Alex Salmond today attacked the "spivs" he blames for the downfall of Edinburgh-based banking giant HBOS.

Alex Salmond today attacked the "spivs" he blames for the downfall of Edinburgh-based banking giant HBOS.

Scotland's First Minister said the bank was soundly based - and that financial regulators should have acted to forestall the speculative attack.

His intervention came as HBOS and Lloyds TSB held advanced merger talks - with the details due to be announced tomorrow morning. The news during another torrid day for HBOS shares, which took another hammering in the market.

The talks led to union leaders warning any merger could be "catastrophic" for the 17,000 HBOS staff based in Scotland.

Mr Salmond, a former Royal Bank of Scotland economist, said any merger between the two should be based on measured discussion, not a "shotgun marriage" driven by unwarranted speculation.

He added: "I am very angry that we can have a situation where a bank can be forced into a merger by basically a bunch of short selling spivs and speculators"

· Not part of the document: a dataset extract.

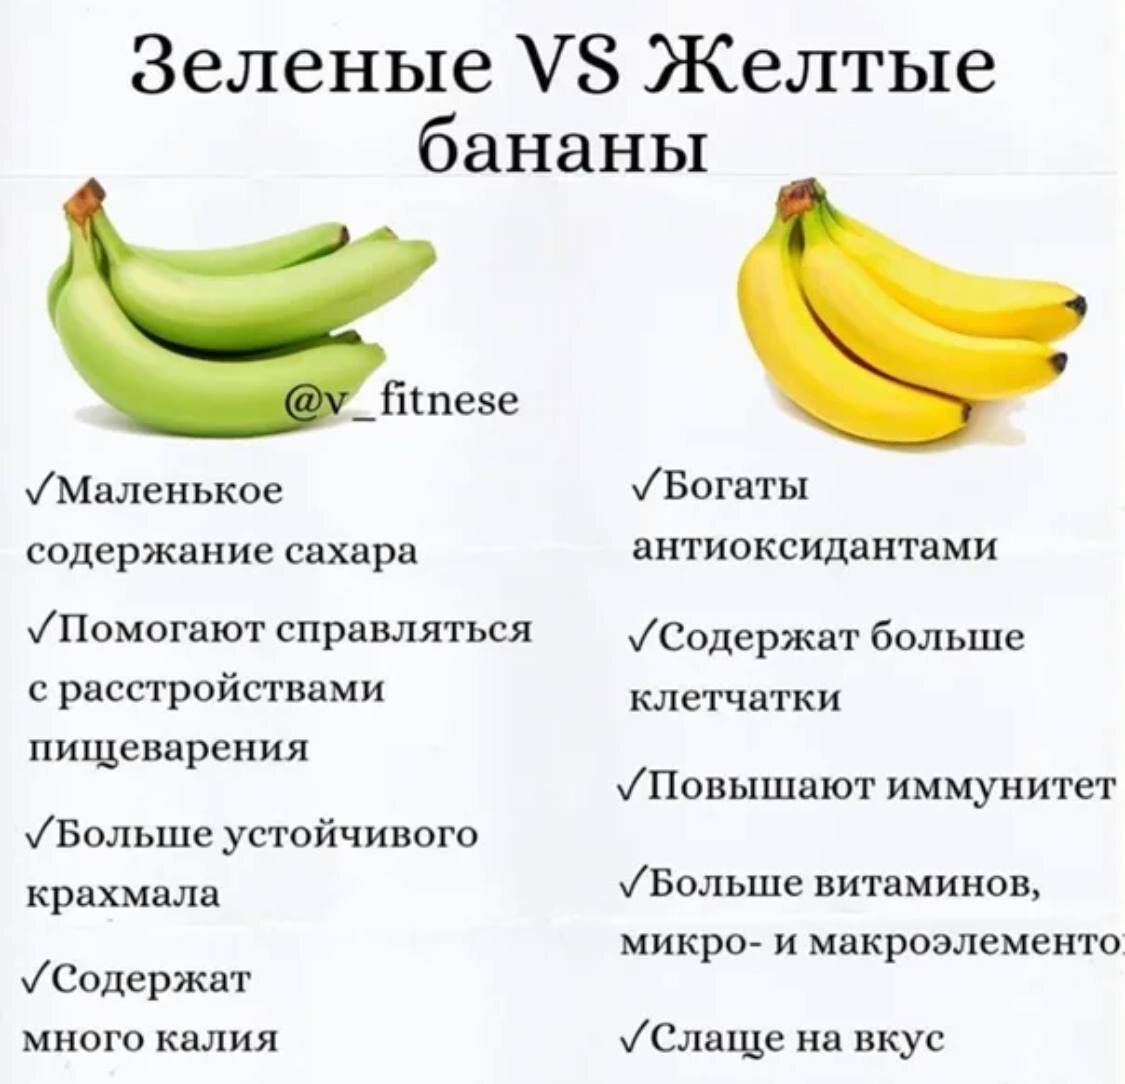 Десертный банан польза

He also said the Financial Services Authority had left HBOS vulnerable to speculative attack by failing to act despite finding the banking giant was properly funded and had a good capital ratio.

"We should not have situations where well capitalised, properly funded financial institutions are subject to incredible speculative attack, and that drives them into decision making which they otherwise might not have done.

"You have got to put the hems on that sort of activity, otherwise we will have a succession of companies going through the same process. All financial regulators have got to wake up to where we are at the present moment."

As stocks in the US plunged 350 points, HBOS confirmed talks had taken place and if the effective takeover of HBOS takes place it would lead to major job cuts in Scotland, where the former Bank of Scotland employs 17,000 people, with 320 branches and its headquarters in Edinburgh.

It is believed talks are "very advanced" and could be wrapped up this week and Gordon Brown, the Prime Minister, is understood to have discussed the planned merger.

HBOS employs 72,000 people across the UK and is also a major sponsor of culture and the arts in Scotland.

The Unite union said the merger talks had left the two banking groups' combined 24,000 staff in Scotland fearing for their jobs.

The union warned it would not accept any compulsory redundancies and urged both groups to take a "socially responsible approach" to the deal.

The report initially dragged HBOS and Lloyds shares into positive territory, reversing earlier losses. At one point, HBOS shares were down as much as 47 per cent from yesterday's close of 182p but they closed 35p down at 147p. They were trading at 730.5p on January 2.

Shares in rival Edinburgh banking giant RBS have also been battered since the beginning of the week but at lunchtime today they were down 19p at 169p.

Lloyds shares traded in a narrower range, veering from 10 per cent down from Tuesday's close of 279.75p to 10 per cent higher. They closed flat 279p.

HBOS, parent company of Halifax and the Bank of Scotland, has come under pressure because of its exposure to the US subprime mortgage market, raising questions about whether it can refinance its debt of more than £100m in the coming months.

The company insists that it has no problems raising money.

The Financial Services Authority, the financial regulator, weighed in today with assurances that HBOS was secure.

HBOS is the UK's banking giant taking pole position for both mortgage lending and savings.

The group, based at The Mound in Edinburgh, is the country's biggest mortgage lender, writing around one in five of all new home loans during 2007.

It also has the biggest mortgage book in the industry with outstanding home loans of £235 billion, double the figure for its nearest rival Nationwide, which has £118.9 billion in outstanding home loans.

HBOS is also the UK's largest savings institution, holding deposits totalling £258 billion for both consumers and businesses.

It has a 16% share of the savings market, meaning that for every £100 saved by people in the UK, £16 is deposited with Halifax or Bank of Scotland.

The group is also expanding in the current account market, and around 22% of all new current accounts opened during 2007 were with HBOS.

Overall the group has 22 million customers, including consumers and businesses.

But HBOS's most recent financial results showed that its share of the net mortgage market was slipping.

During the first six months of this year the group's share of net mortgage lending, which takes into account people moving their home loan to a different provider, fell to 7%, down from 15% during 2007, after it pledged to put margins before volumes.

It also revealed sharply lower profits and said it was concerned about rising bad debts as customers struggled with repayments.

The interim results showed that pre-tax profits for the six months to the end of June plummeted 72% to £848 million.

At the same time it saw a 36% leap in bad debt charges to £1.31 billion, which it said could rise further as hard-pressed customers ran into problems with repayments and house prices continue to fall.